Some potential fields can be made visible by simple procedures. A familiar example is the use of iron filings to show the magnetic field of a horseshoe magnet. The magnet is placed on a level, nonmagnetic surface and covered with a sheet of paper. When the filings are sprinkled on the paper, they form a pattern of curving lines that trace the magnetic field in two dimensions. Some potential fields can be investigated mathematically and by graphical means. Others can be simulated optically with moiré patterns.
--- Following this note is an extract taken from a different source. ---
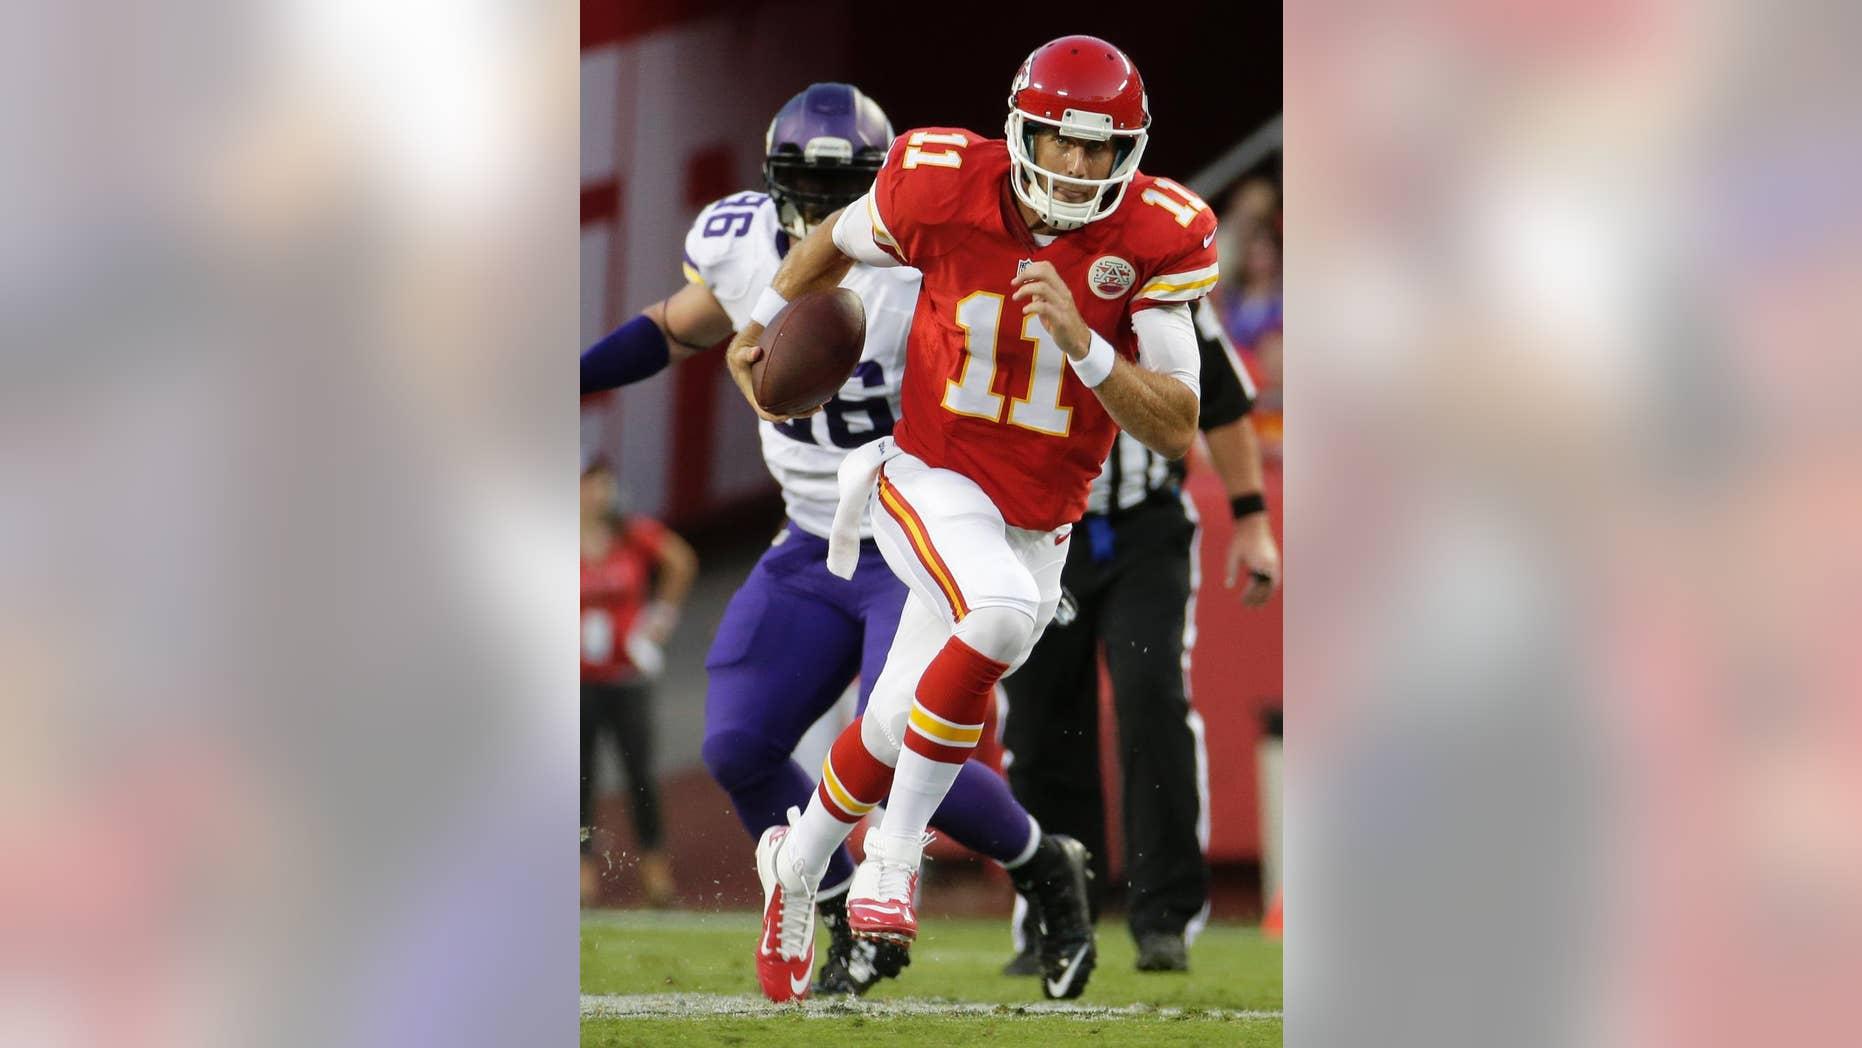 Kansas City Chiefs quarterback Alex Smith (11) runs past Minnesota Vikings defensive end Brian Robison during the first half of an NFL preseason football game in Kansas City, Mo., Saturday, Aug. 23, 2014. (AP Photo/Charlie Riedel)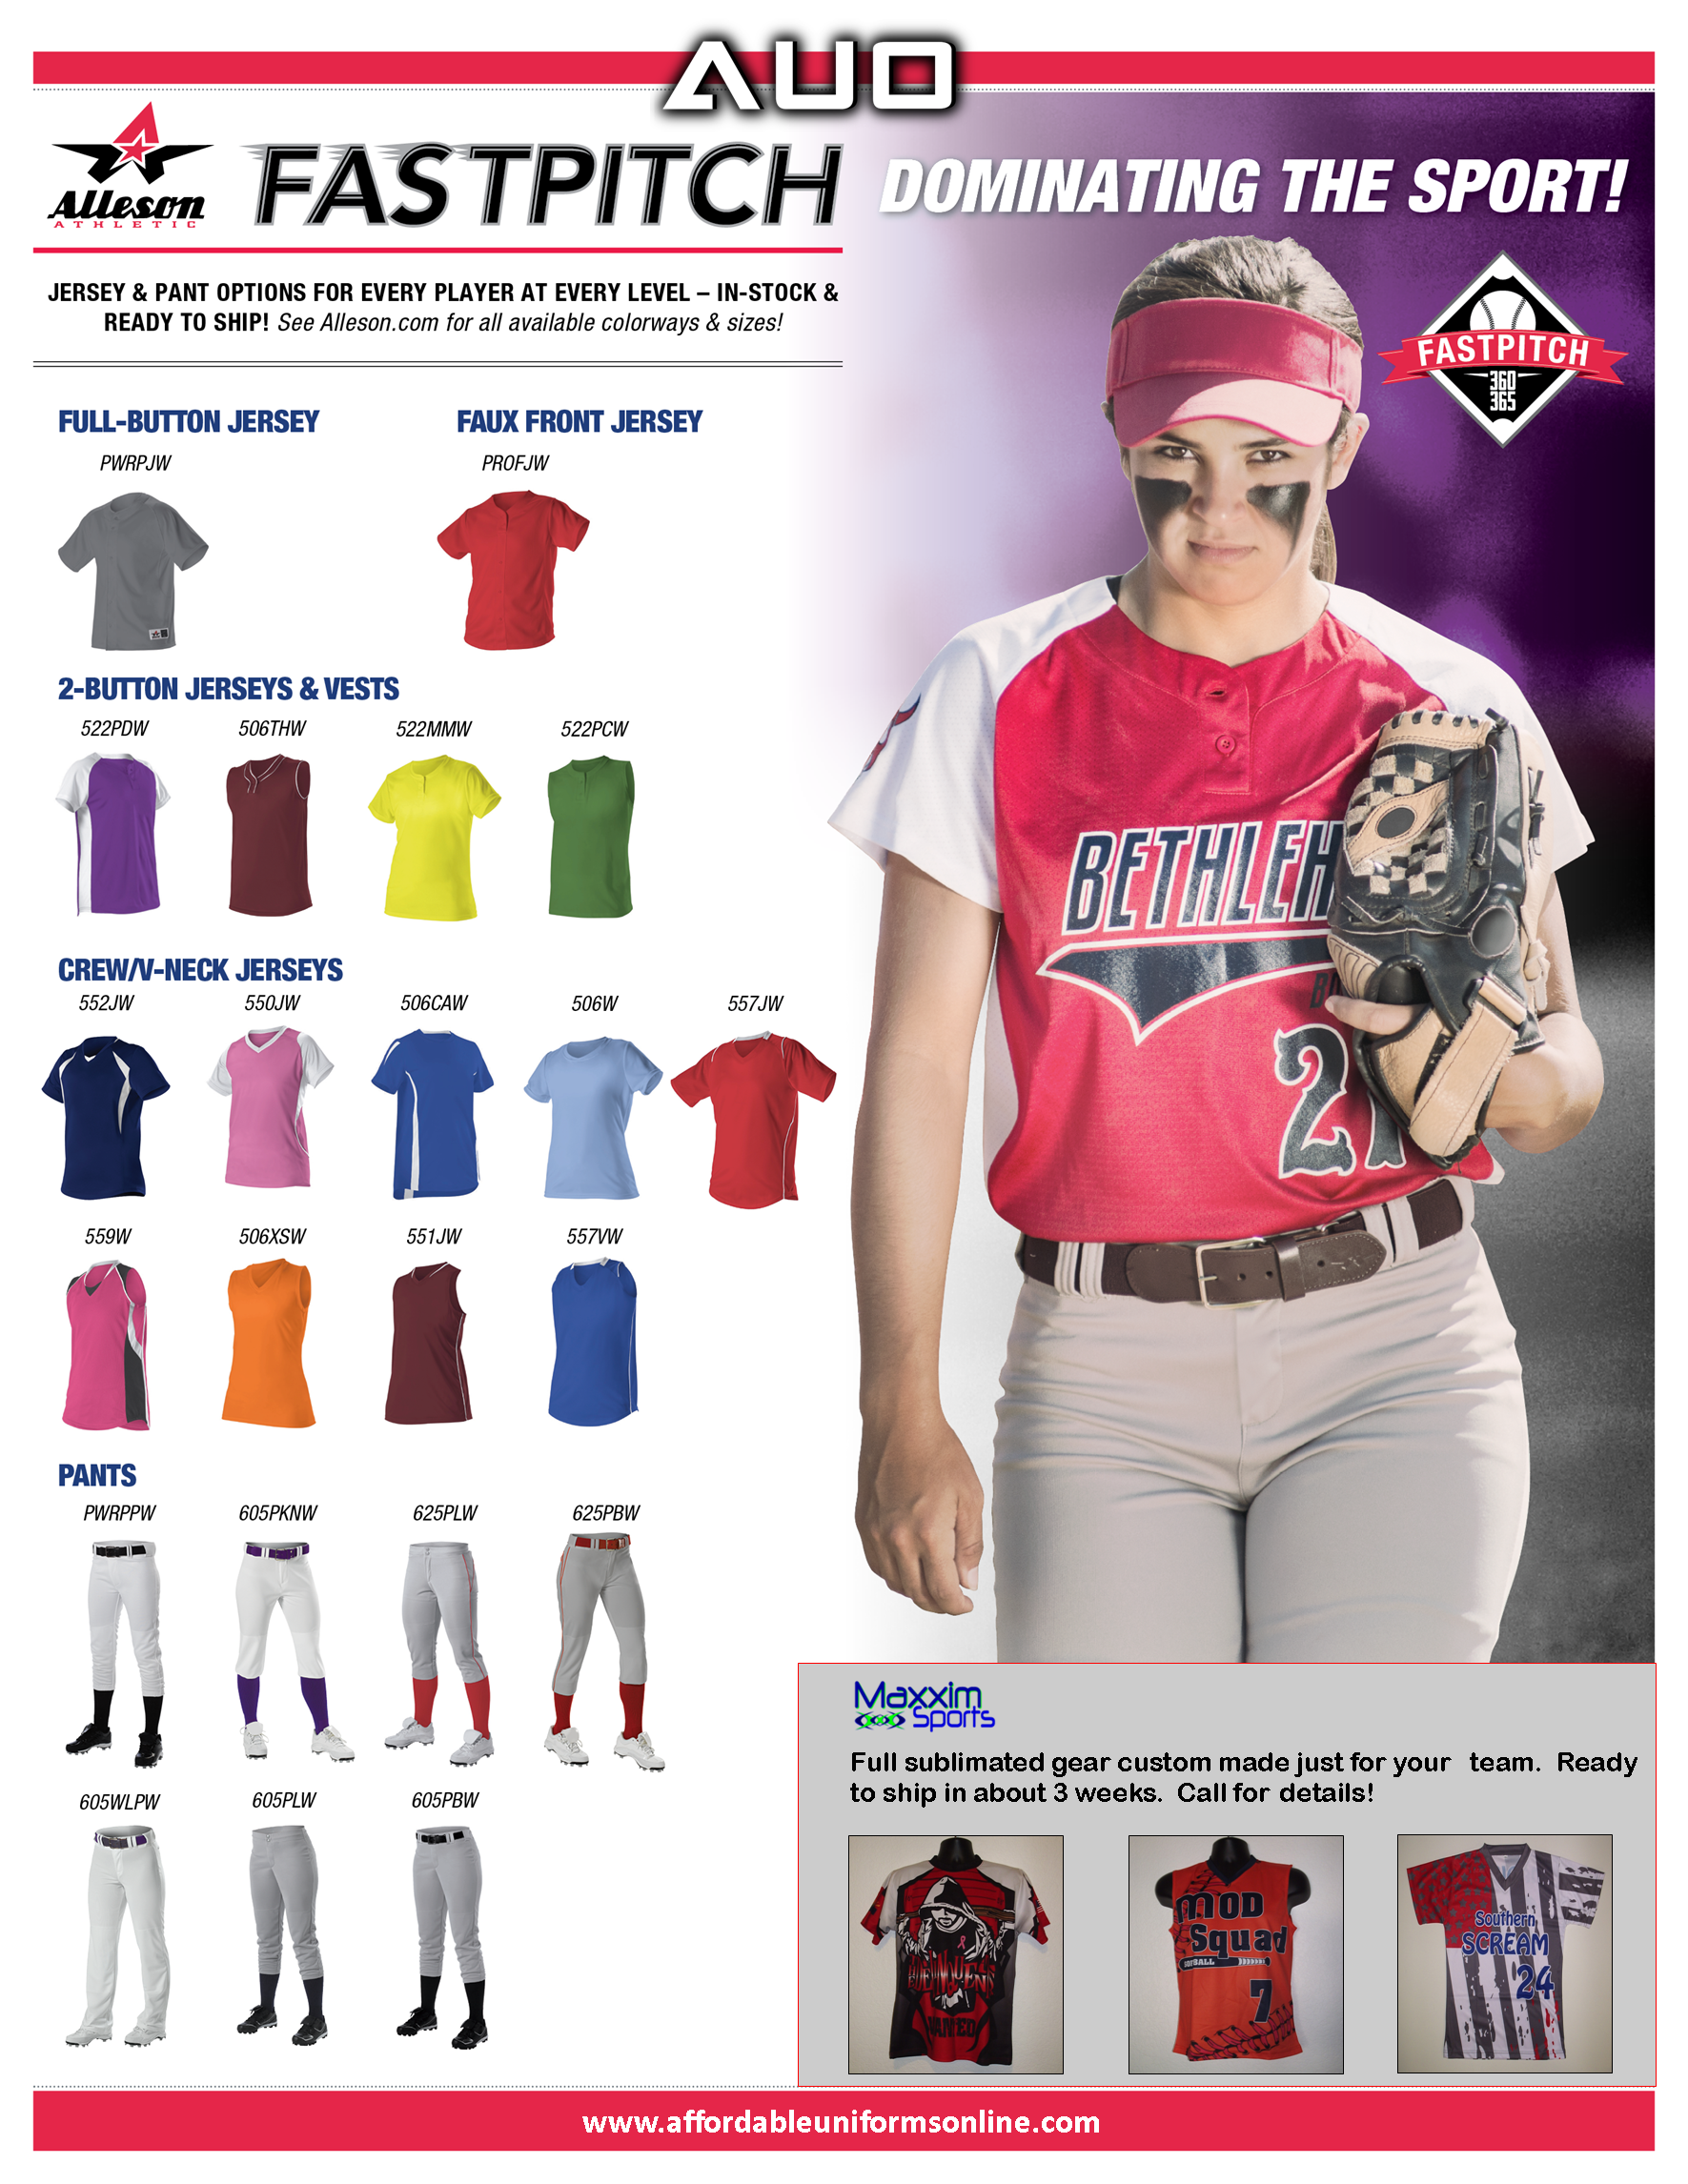 quality design 76f1c a6fc6 Custom softball uniforms created by affordable uniforms ...

Perhaps the most versatile and inexpensive instrument available to amateurs for depicting and analyzing potential fields of many kinds is the fluid mapper. The device simulates potential fields by thin lines of dye that form in the flow of a sheet of water or some other fluid representing the phenomenon under investigation. In addition to the lines of dye, portions of the fluid can be colored to identify selected areas in the field. The color not only increases the power of the fluid mapper as an analytical tool but also transforms it into an engrossing plaything with which one can generate abstract designs that resemble the colorful abstractions made by harmonographs and kaleidoscopes [left].

The fluid-flow method of simulating years ago by H. S. Hele-Shaw of the University of Oxford. His ideas suffered a long period of neglect. A. D. Moore, now professor emeritus of electrical engineering at the University of Michigan, revived the method some years ago; in the past two decades he has devised numerous techniques for making and operating fluid mappers. Moore explains the construction and use of the devices as follows:

"The fluid mapper consists essentially of a pair of closely spaced plane surfaces immersed horizontally in a shallow pan of water. The upper surface might consist of a sheet of plate glass and the lower one of a specially shaped slab of plaster. Usually the surfaces are spaced about .035 inch apart, but flow spaces of half or twice that can be used. The plaster slab may have in it one or more holes of various shapes and sizes. Some of them may be partly filled with sand, depending on the nature of the potential field that is to be depicted.

"The holes, known as wells, are usually connected at the bottom to rubber tubes for admitting a controlled flow of water from movable reservoirs, which ordinarily are quart-sized cans equipped at the bottom with nipples that fit the rubber tubes. Flow is generated in the space between the plaster slab and the glass plate by moving the reservoirs above or below the level of the water in the pan. Water within the thin flow space moves either in the direction of the forces that constitute the potential field being simulated or at right angles to the forces, depending on the nature of the field. The direction of flow within the thin space is made visible by inserting fixed particles of dye between the glass and the plaster slab when the apparatus is assembled. Typically the dye consists of small crystals of potassium permanganate, which dissolve slowly to form thin purple trails in the water.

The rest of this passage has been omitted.